General Motors’ earnings fell short of Wall Street forecasts — but the company expects better results in the second half of the year, even with continued chip shortages and rising raw material costs.
GM, the nation’s largest automaker, reported Wednesday a record adjusted pre-tax profit of $4.1 billion for the second quarter. But adjusted pre-tax earnings of $1.97 per share fell short of the $2.23 estimate from analysts surveyed by Refinitiv.
Part of the problem: GM’s warranty and recall expenses jumped by a shopping $1.3 billion in the quarter. That included $800 million set aside to replace the batteries in 61,000 models of its electric Chevrolet Bolt because of a fire risk. Increased commodity prices didn’t help either.
Shares of GM, which had risen 39% year to date through Tuesday’s close, fell 7% in early trading Wednesday.
On the positive side, GM’s $34.2 billion in sales easily topped Wall Street’s estimates.
GM also raised its guidance for the second half of the year, saying it expects adjusted pre-tax earnings of between $11.5 billion and $13.5 billion — up from its previous outlook of between $10 billion and $11 billion. GM also raised its earnings per share forecast for the same period.
That’s despite the computer chip shortage that has hampered production of cars across the industry and forced temporary production halts at some factories.

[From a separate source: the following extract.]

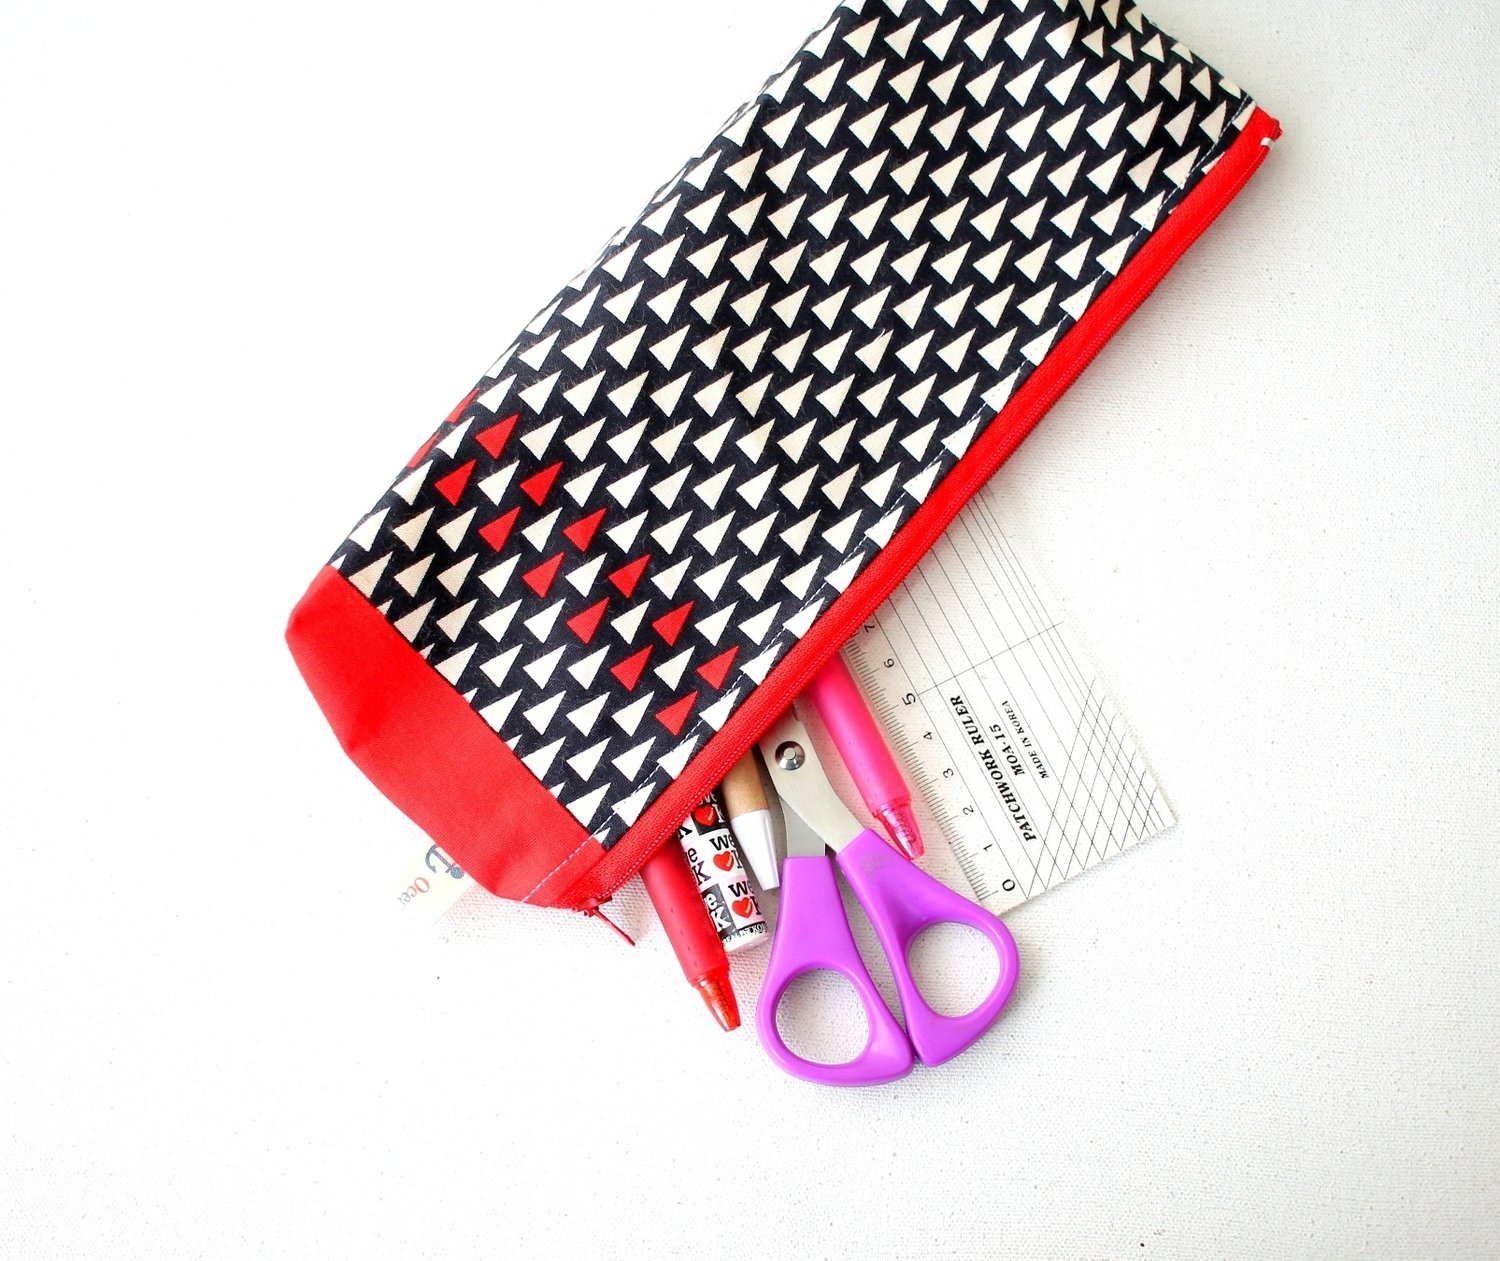 Handmade Red and Black  Zipper Pouch - One of a kind - Medium Size

GM acknowledged the situation “remains fluid” and that “overall supply chain challenges continue.”
GM also said it expects higher commodity prices will cost the company between $1.5 billion and $2 billion more in the second half of the year compared to the first half.

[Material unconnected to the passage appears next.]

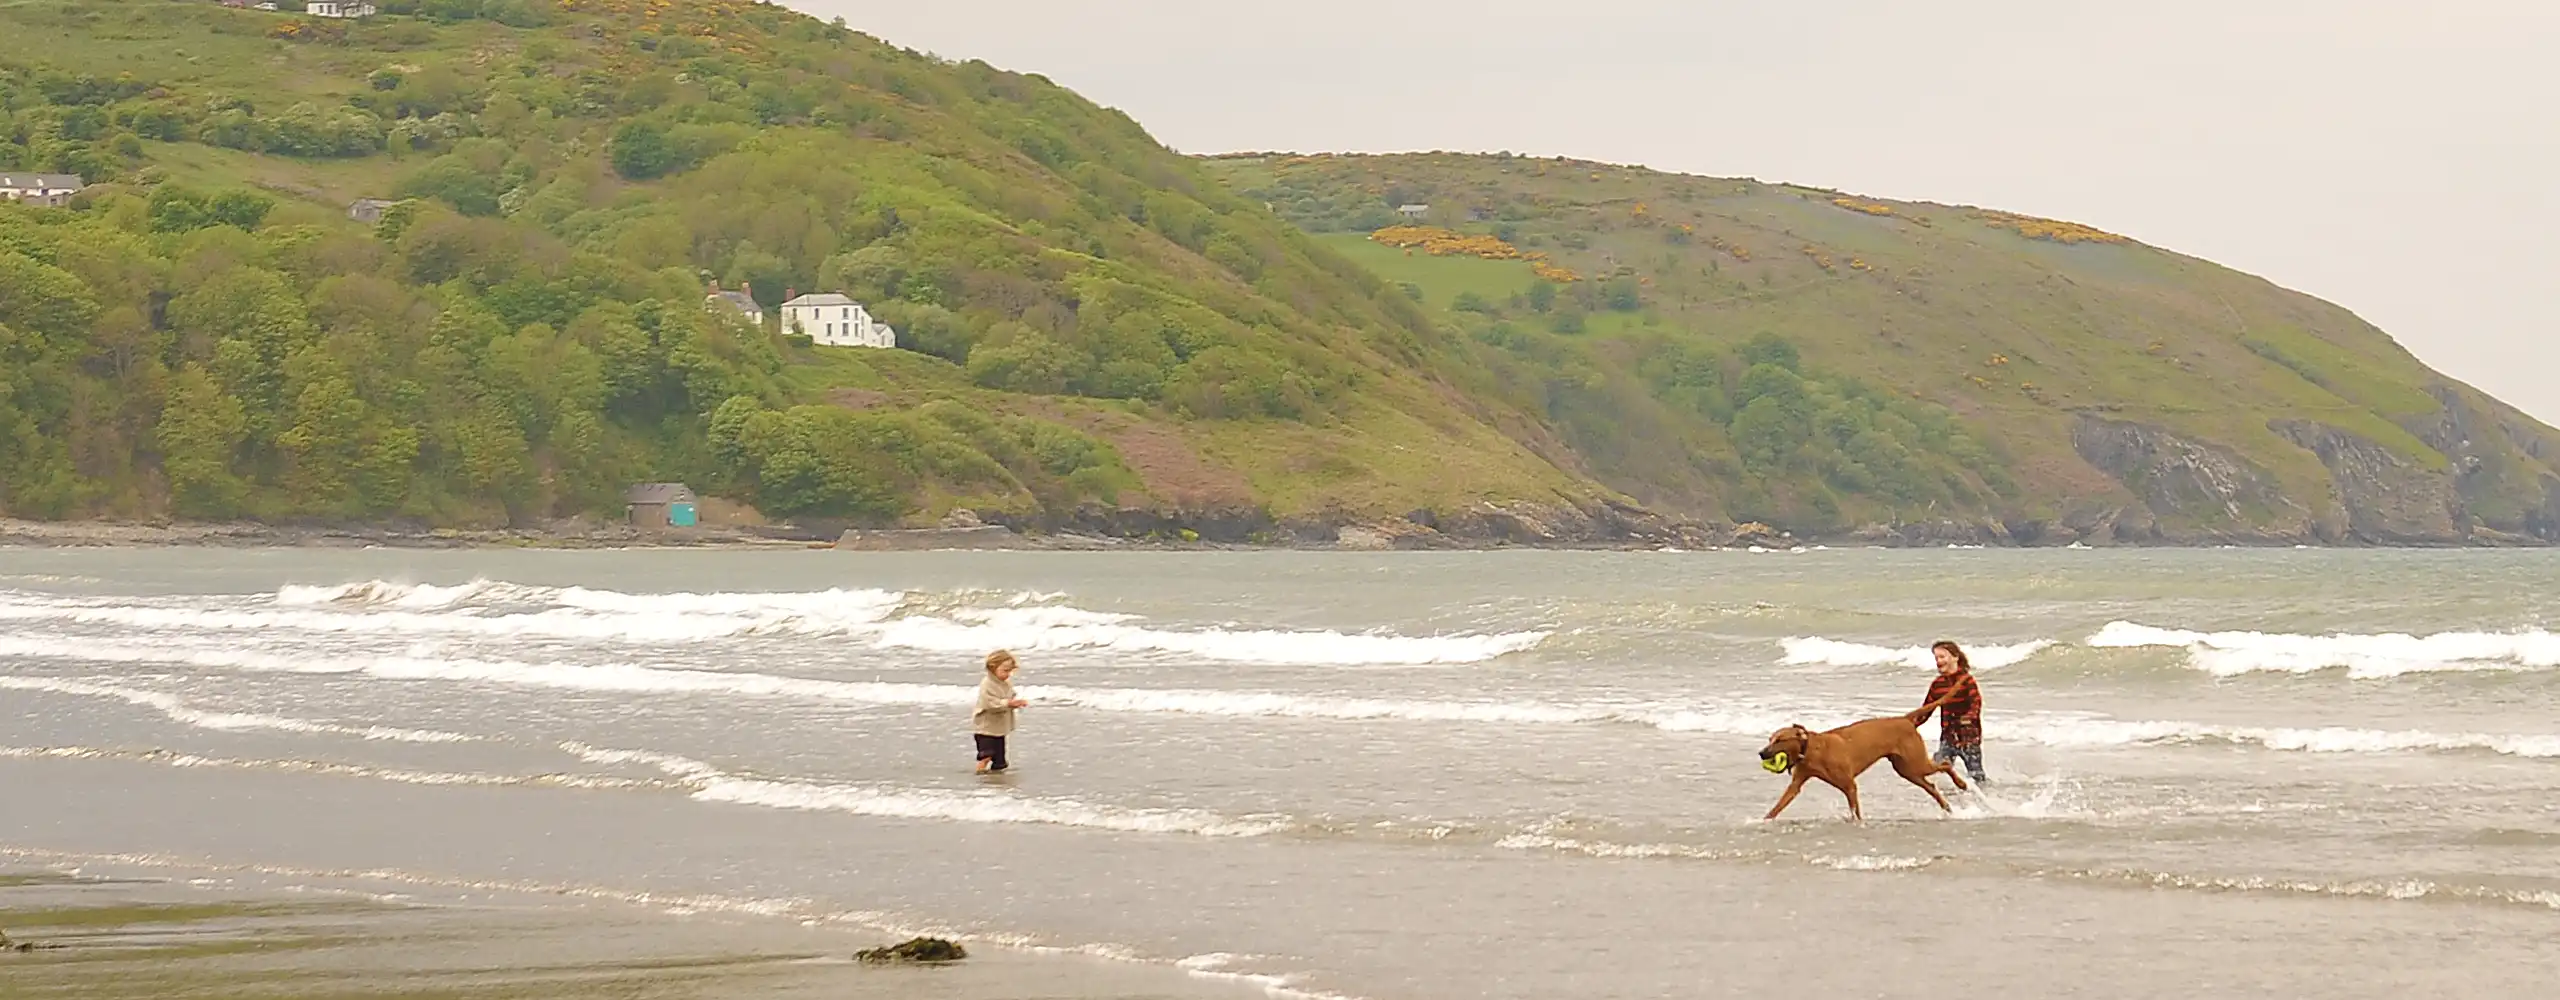 Take a paddle at Poppit Sands

Demand for new cars has been exceptionally strong this year, particularly in the United States. The company sold 1.8 million vehicles worldwide in the second quarter, despite the limitations on production caused by the chip shortage.
That’s an increase of 300,000 vehicles compared to the second quarter of 2020, when the pandemic and stay-at-home orders shut factories and dealerships and greatly reduced sales. But it’s 200,000 fewer vehicles than GM sold in the same quarter of 2019 before the pandemic.
While prices of both new and used car prices have reached record levels, that’s more beneficial to GM dealerships — which are independently owned — than to GM itself. The company did benefit from having to offer fewer incentives to buyers to purchase cars, and in the value of the used vehicles it took back when leases expired.